52 is a series of albums by American country singer, songwriter, and record producer Kristian Bush. The series consists of four albums with 52 songs total that were written by Bush over the past two decades in the music industry. The albums released over the course of a year—from 2022 to 2023—to celebrate Bush's 52nd birthday. The project began with the release first two songs of the collection, "Everybody Gotta Go Home" and "Tennessee Plates", on March 4, 2022, and concluded with the release of the final album, 52 | This Year on March 10, 2023.

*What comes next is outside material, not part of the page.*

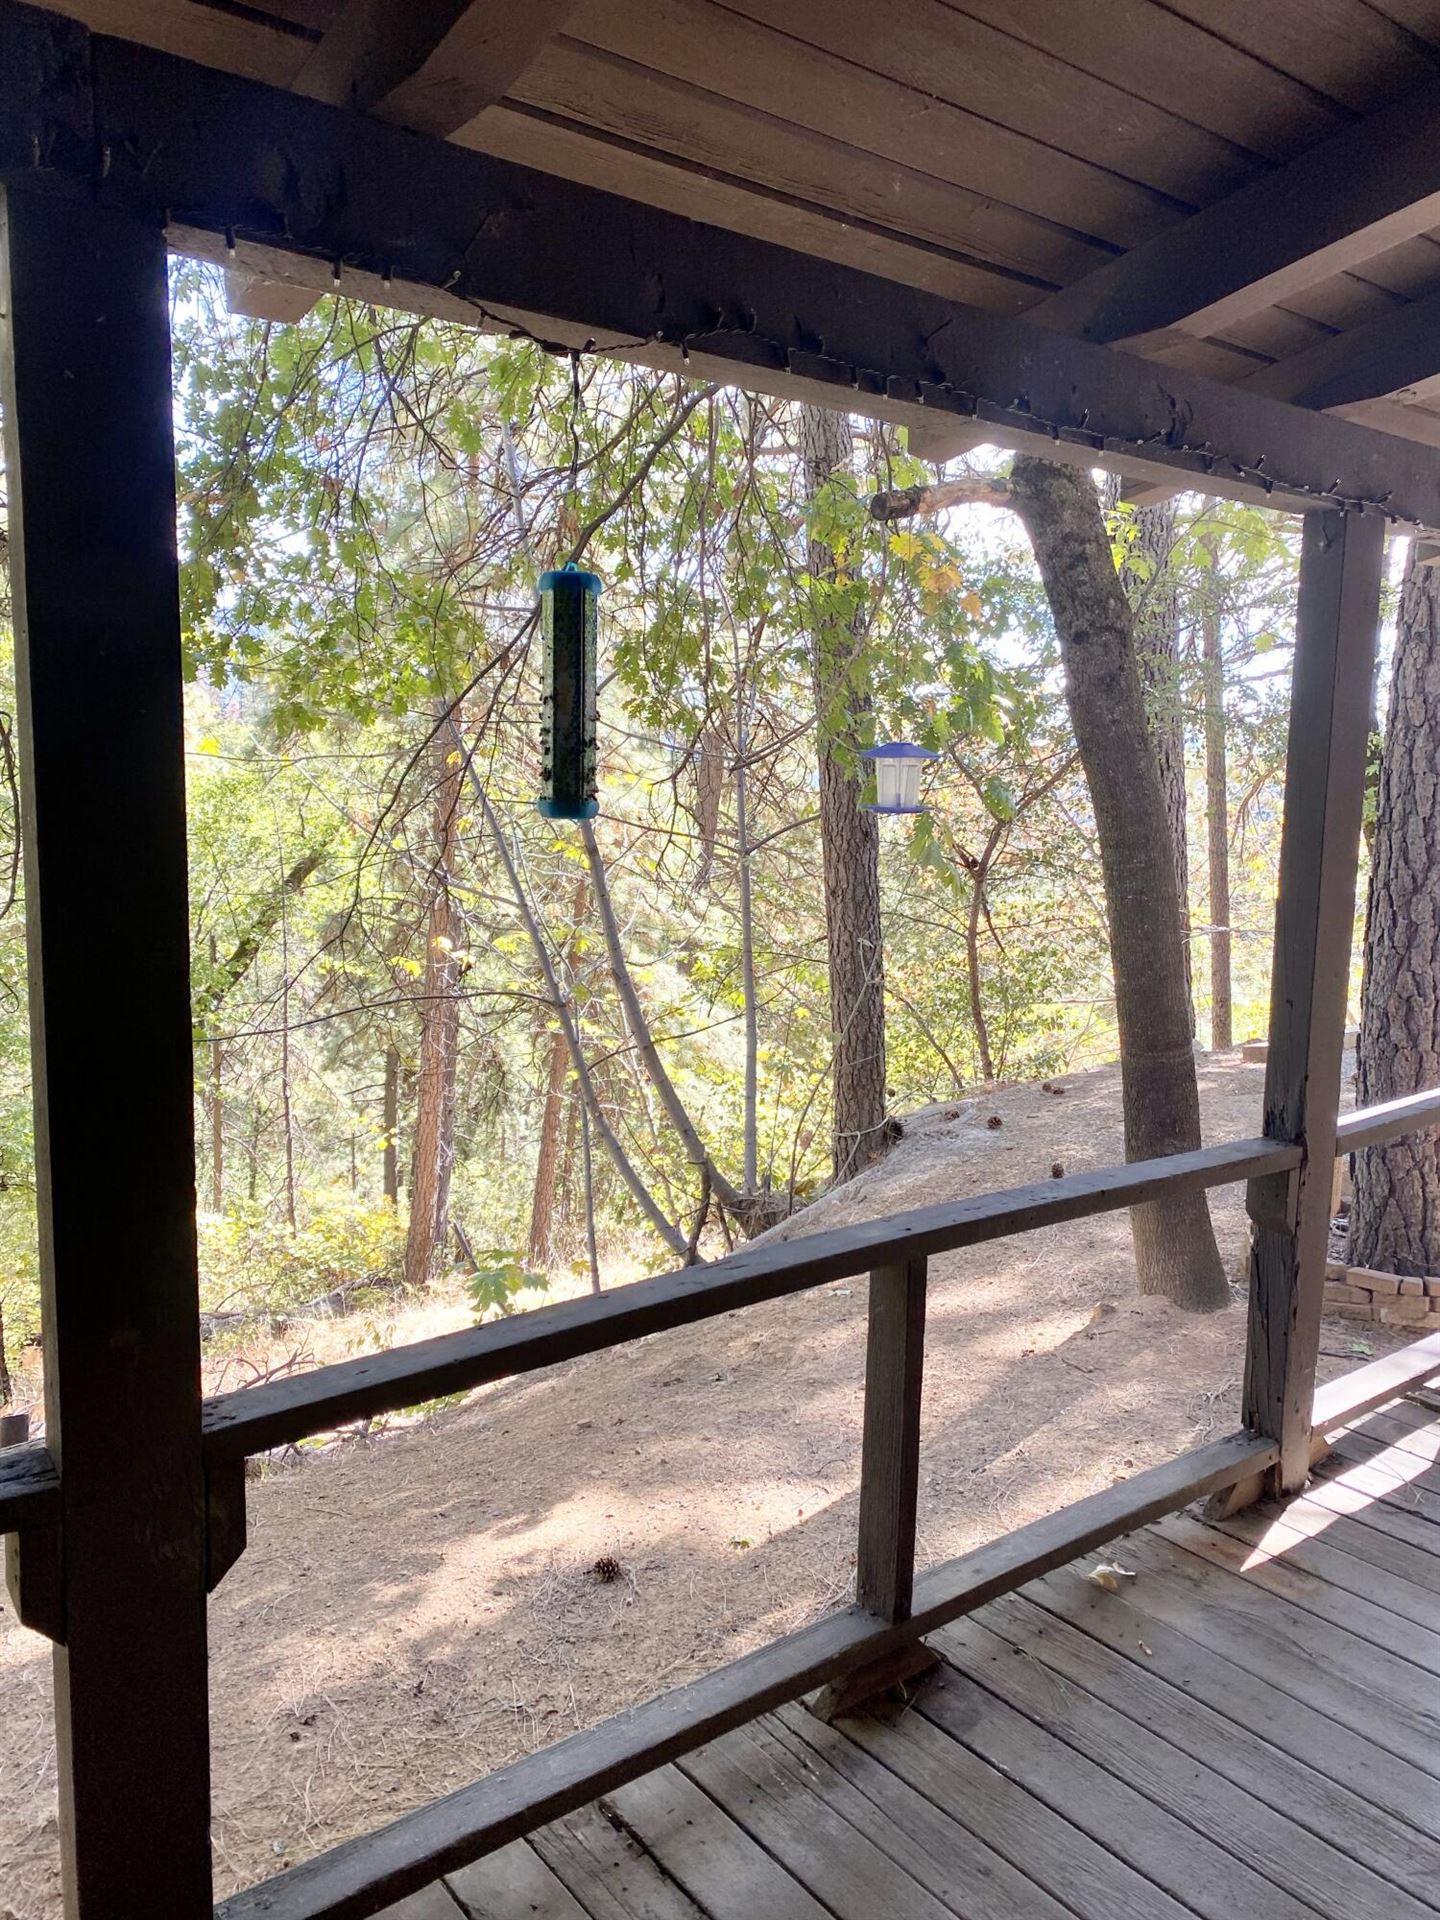 Photo of 18407 Skyline Dr, Lakehead, CA 96051 (MLS # 21-4893)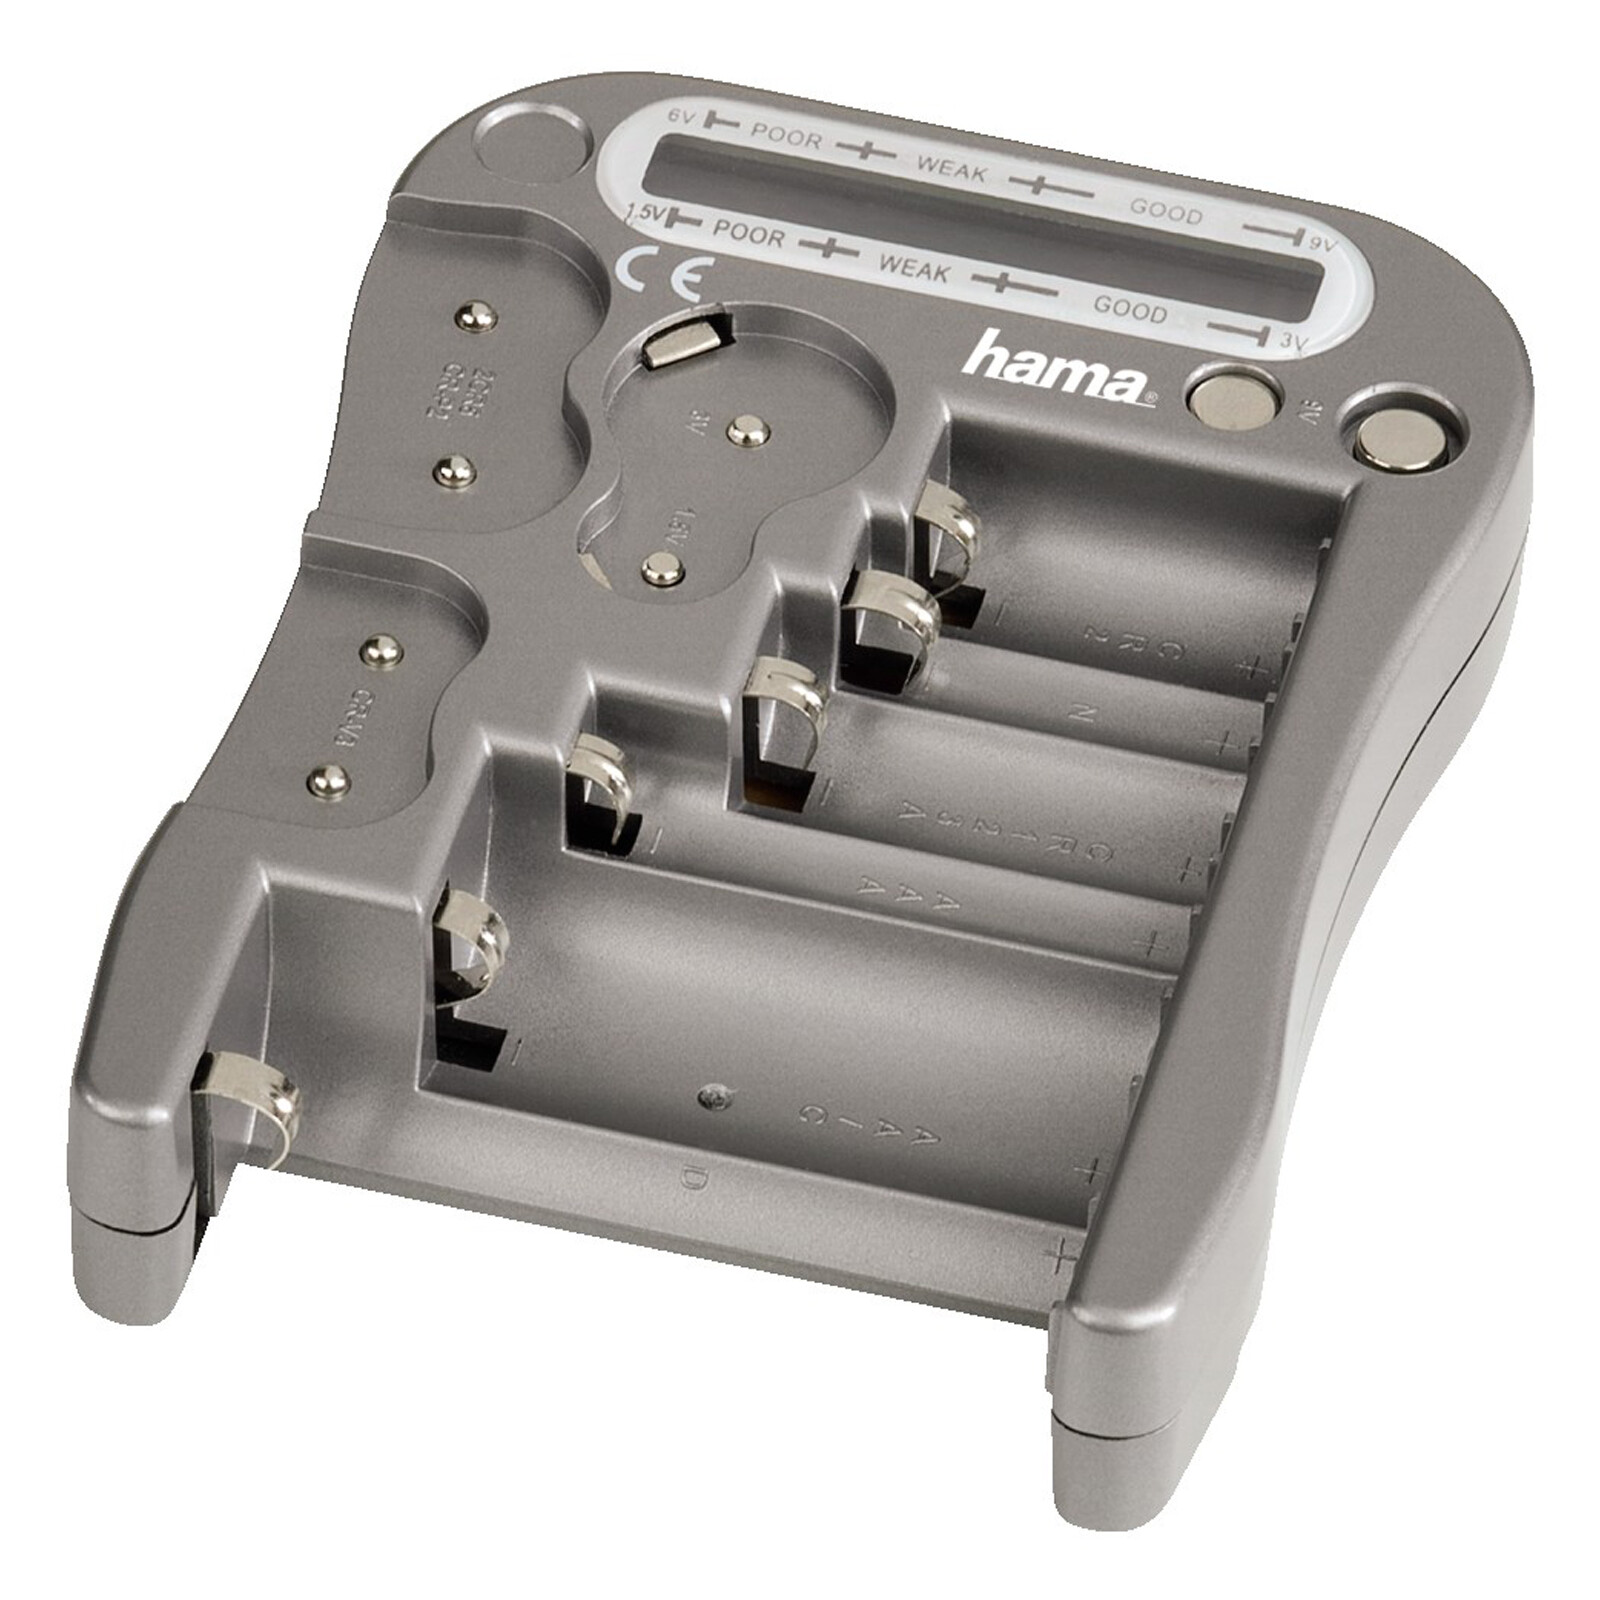 Hama 74021 Akku-/Batterie-Prüfer BT2

Encouraged by his work releasing archived and unreleased music from the 1990s to 2010s, and inspired by a four-record box set of original music released by country artist Vince Gill, Bush decided to release a collection of 52 songs in the span of one year. The music was unreleased music written by Bush from across his music career, with works spanning as early as 2006. The music co-written with many other songwriters and recorded in Decatur, Georgia. Bush anticipated releasing the albums independently, but CEO of Big Machine Records Scott Borchetta supported the project. Bush was assisted on the whole project by his brother Brandon, and Bush also recorded a weekly podcast with music journalist Cindy Watts spanning 52 weeks.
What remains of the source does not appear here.